Des industriels comme Legrand proposent déjà des dispositifs permettant de piloter chaque équipement à distance, par exemple réduire le chauffage ou couper les équipements en veille. Mais tout cela ne fonctionnera que si l’on aide chaque usager à interpréter ces données, et si le coût de ce service n’est pas trop élevé. Et surtout, il faut que les tarifs en heures creuses proposés par les fournisseurs d’électricité soient suffisamment attrayants par rapport aux tarifs en heures pleines pour que les usagers acceptent la contrainte de différer leur consommation. Pour Marc Boillot, « Linky jouera le même rôle que l’i-Phone, et les industriels développeront des applications pour utiliser au mieux ce compteur afin d’économiser l’énergie ».
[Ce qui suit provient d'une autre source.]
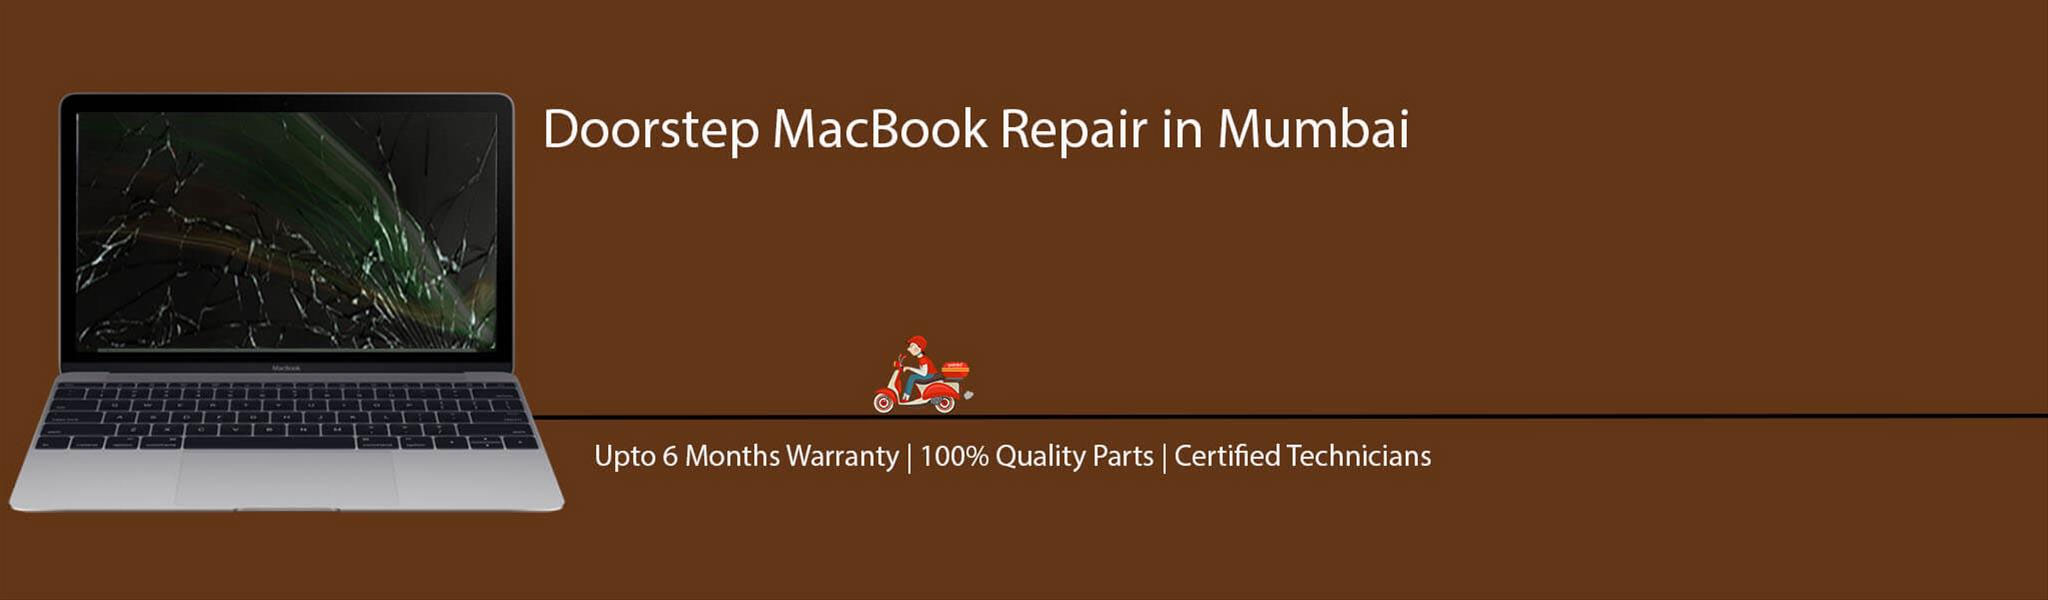 macbook-laptop-banner-mumbai.jpg
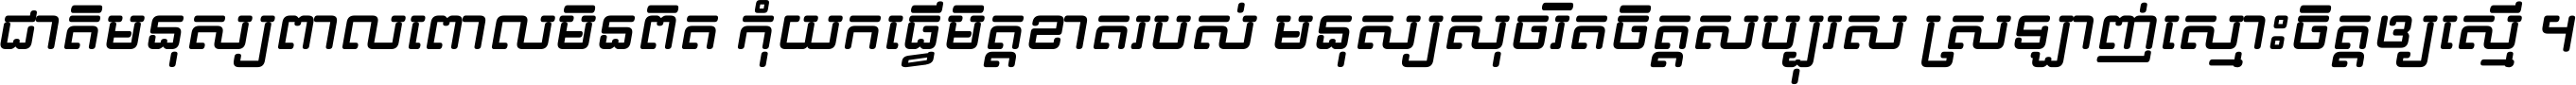 Khmer Compaq Italic

Le Smart Grid à l’étranger

Schéma de distribution du réseau Smart Grid en Amérique © DR

La France n’est évidemment pas la seule à s’intéresser aux réseaux intelligents. Aux États-Unis, par exemple, où le réseau électrique, partagé entre plusieurs opérateurs, est en mauvais état, le Smart Grid est devenu une nécessité. Dans le plan de relance de 40 milliards de dollars présenté en février 2009 par le président Obama, 4,5 milliards sont consacrés aux réseaux électriques avec, par exemple, l’installation de 2 millions de compteurs intelligents à Houston au Texas. Mais c’est surtout au Japon que les expériences sur le Smart Grid sont les plus avancées. Quatre tests grandeur nature de réseaux intelligents ont été lancés en 2010 pour une durée de cinq ans. Ils porteront à la fois sur les économies d’énergie, l’intégration des systèmes photovoltaïques et des bornes de recharge des véhicules électriques.